People v. Jackson

People v Jackson (2022 NY Slip Op 01841)
People v Jackson
2022 NY Slip Op 01841
Decided on March 17, 2022
Appellate Division, Third Department
Published by New York State Law Reporting Bureau pursuant to Judiciary Law § 431.
This opinion is uncorrected and subject to revision before publication in the Official Reports.


Decided and Entered:March 17, 2022

110307

[*1]The People of the State of New York, Respondent,

v

Keith Jackson, Appellant.


Calendar Date:February 8, 2022
Before:Garry, P.J., Egan Jr., Pritzker, Colangelo and Ceresia, JJ.

Keeley A. Maloney, Albany, for appellant.

Meagan K. Galligan, District Attorney, Monticello (Meagan K. Galligan of counsel), for respondent.



Pritzker, J.

Appeal from a judgment of the County Court of Sullivan County (LaBuda, J.), rendered February 23, 2018, convicting defendant upon his plea of guilty of the crime of robbery in the second degree.

Defendant pleaded guilty to robbery in the second degree in satisfaction of a three-count indictment, with the understanding that he would be sentenced to a prison term of no more than 10 years, and he purportedly waived the right to appeal.
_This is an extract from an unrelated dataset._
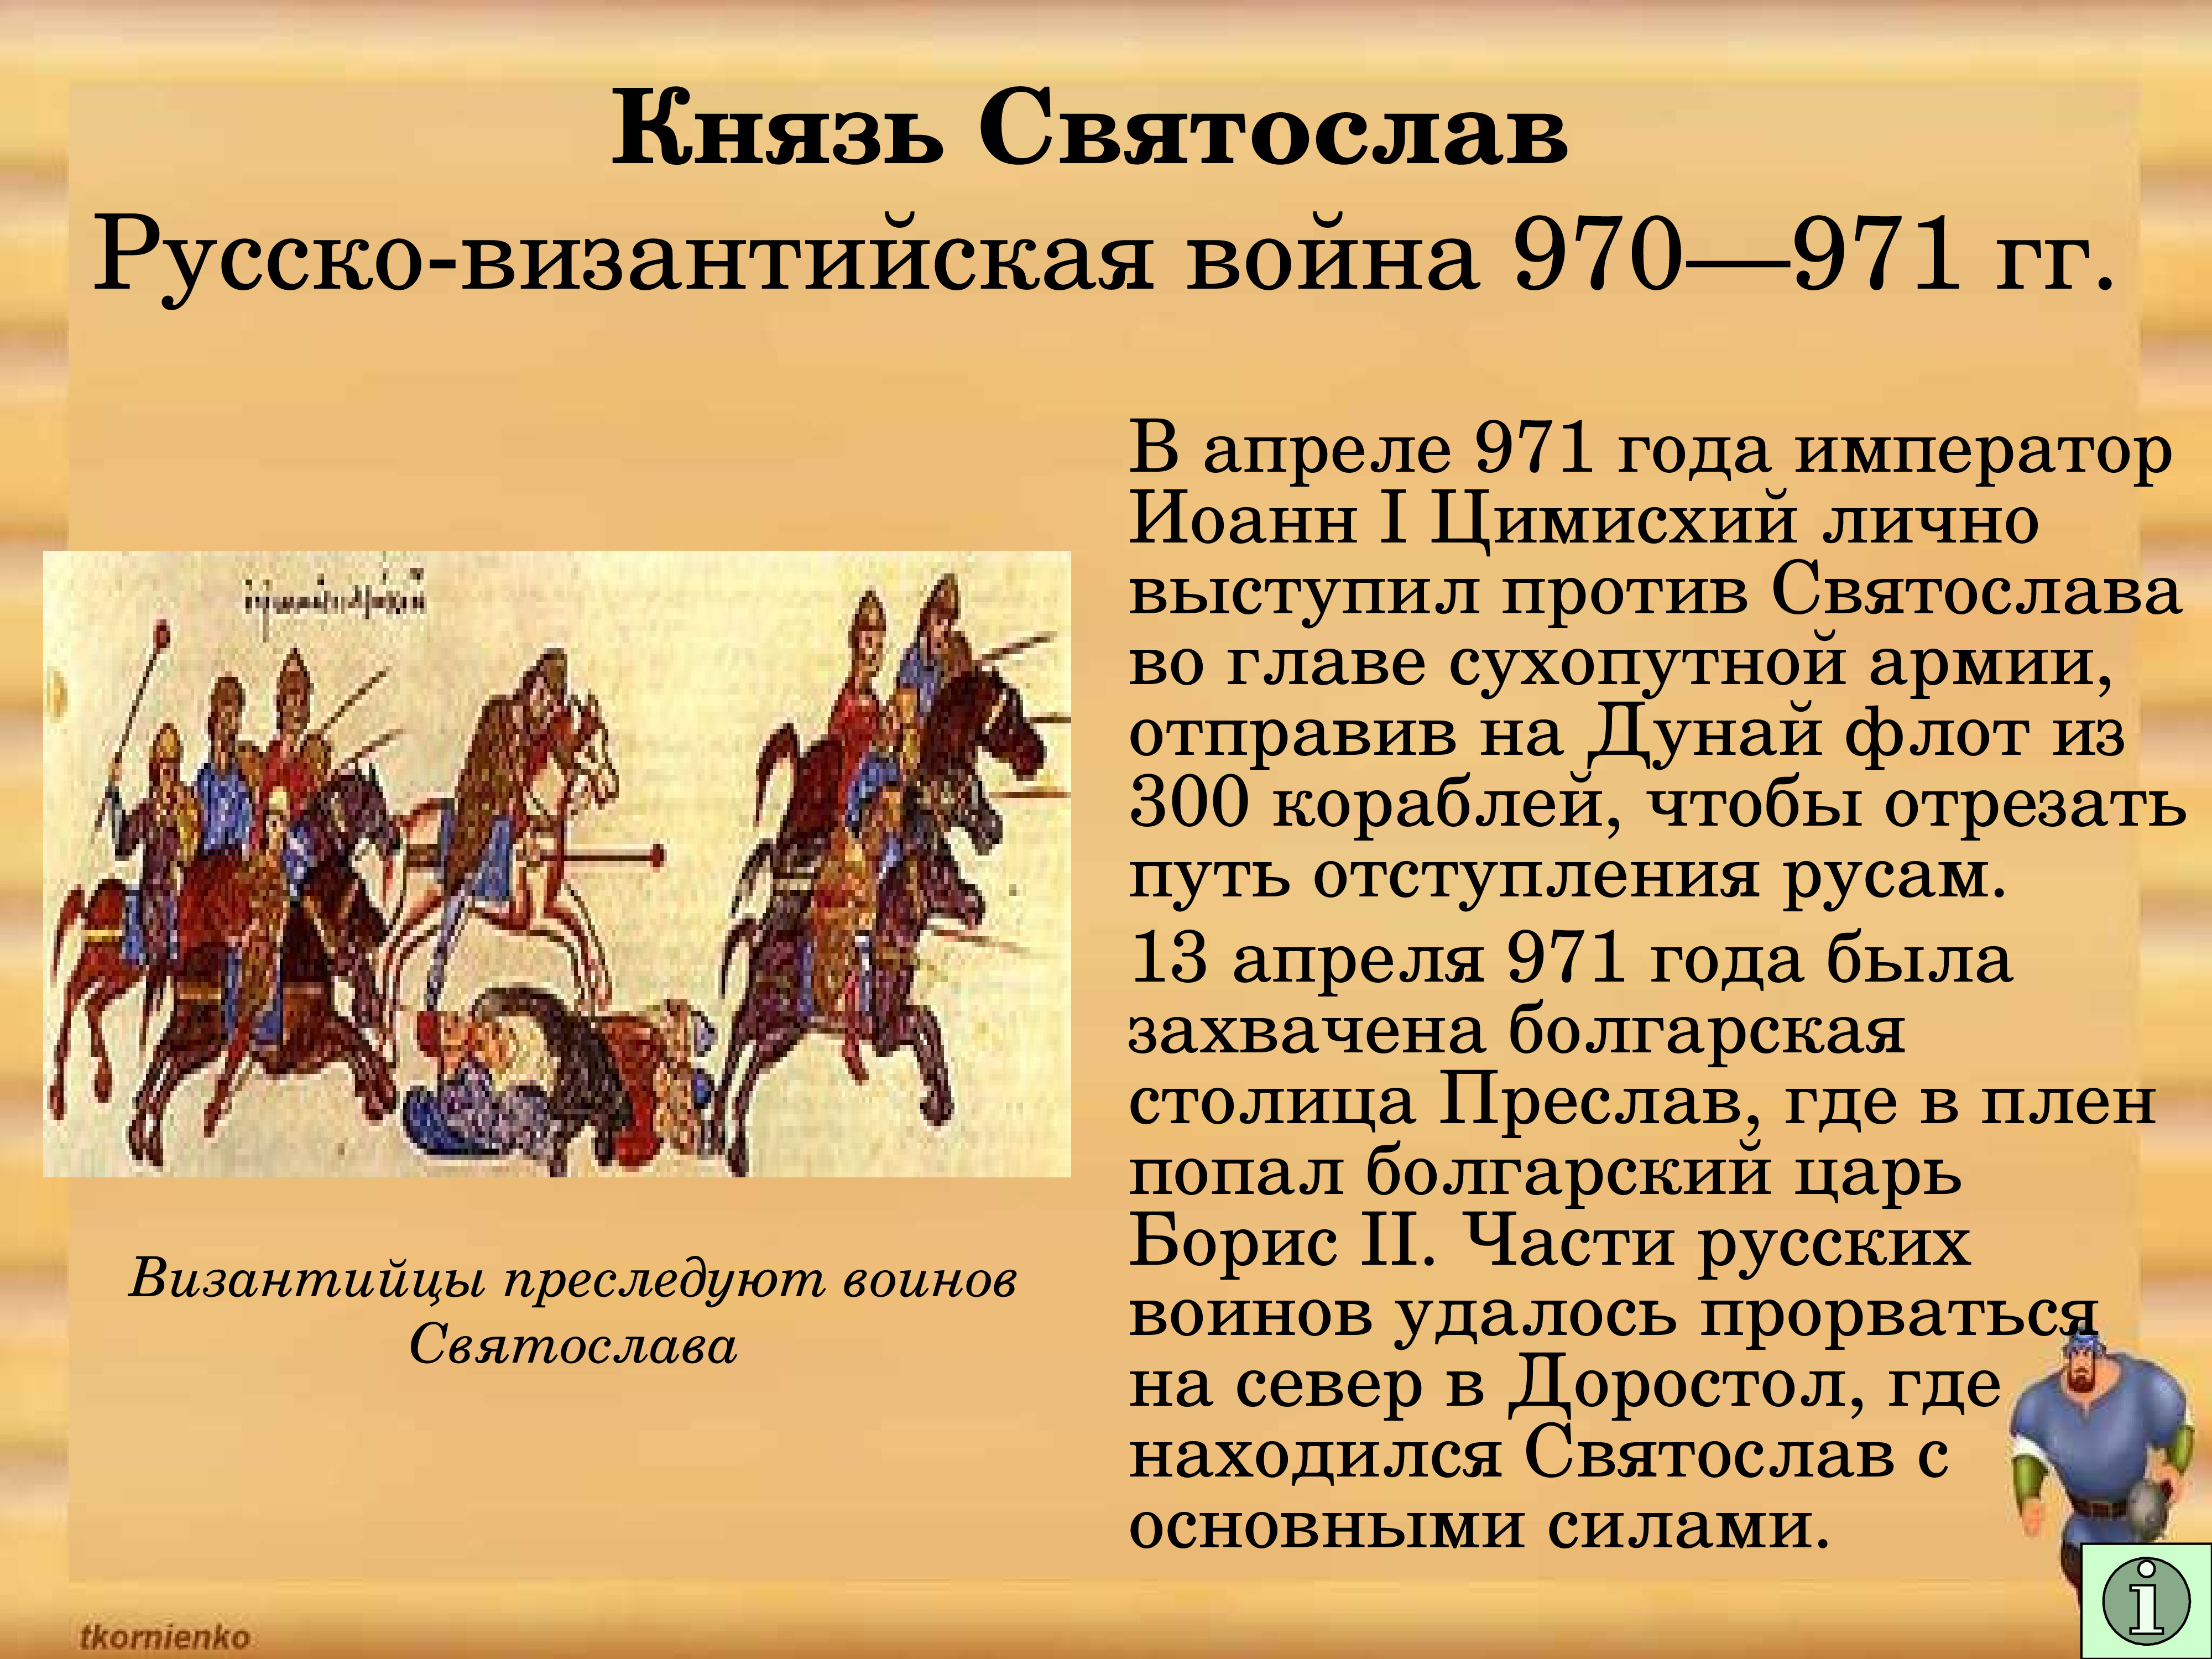 Русско-Византийская война 970-971 годов

The charges stemmed from defendant punching and throwing to the ground the 75-year-old victim and then stealing his wallet. County Court thereafter sentenced defendant, as a second violent felony offender, to nine years in prison, to be followed by five years of postrelease supervision. Defendant appeals.

We affirm. Initially, the People concede, and we agree, that defendant did not knowingly, intelligently and voluntarily waive the right to appeal. The written waiver executed by defendant was overbroad, as it conveyed that there was an absolute bar to the pursuit of all potential remedies, including the right to seek postconviction relief in both federal and state courts (see People v Beach, 197 AD3d 1440, 1441 [2021]; People v Barrales, 179 AD3d 1313, 1314 [2020]). Further, County Court did not overcome the overbroad language in the written waiver by "ensuring that defendant understood the distinction that some appellate review survived the appeal waiver" (People v Beach, 197 AD3d at 1441 [internal quotation marks and citation omitted]; see People v Thomas, 34 NY3d 545, 561 [2019]; People v Lafond, 189 AD3d 1824, 1825 [2020], lv denied 36 NY3d 1121 [2021]). Accordingly, the appeal waiver was invalid (see People v Winters, 196 AD3d 847, 848-849 [2021], lvs denied 37 NY3d 1025, 1030 [2021]; People v Mayo, 195 AD3d 1313, 1314 [2021]).

Defendant's challenge to the voluntariness of his plea is unpreserved for our review as the record does not reflect that he made an appropriate postallocution motion, despite having ample opportunity to do so prior to sentencing (see People v Almonte, 179 AD3d 1222, 1224 [2020], lv denied 35 NY3d 940 [2020]; People v Morton, 173 AD3d 1464, 1465 [2019], lv denied 34 NY3d 935 [2019]). Moreover, defendant did not make any statements during the plea colloquy that negated the elements of the crime so as to trigger the narrow exception to the preservation rule (see People v Grainger, 199 AD3d 1070, 1071-1072 [2021]; People v Boudier, 197 AD3d 1361, 1362-1363 [2021], lv denied 37 NY3d 1159 [2022]). Defendant's claim of ineffective assistance of counsel is similarly unpreserved for lack of an appropriate postallocution motion (see People v Morehouse, 183 AD3d 1180, 1183 [2020], lv denied 35 NY3d 1068 [2020]; People v Weidenheimer, 181 AD3d 1096, 1097 [2020]).

Finally, defendant's contention that his sentence is harsh and excessive is unpersuasive. The sentence was within the agreed-upon range and, given defendant's lengthy criminal history and the nature of the crime committed, [*2]we discern no abuse of discretion or extraordinary circumstances warranting a reduction of the sentence in the interest of justice (see People v Woods, 166 AD3d 1298, 1299-1300 [2018], lv denied 33 NY3d 1036 [2019]; People v Hatch, 165 AD3d 1321, 1322 [2018], lv denied 32 NY3d 1125 [2018]). Defendant's remaining claims have been considered and found to be without merit.

Garry, P.J., Egan Jr., Colangelo and Ceresia, JJ., concur.

ORDERED that the judgment is affirmed.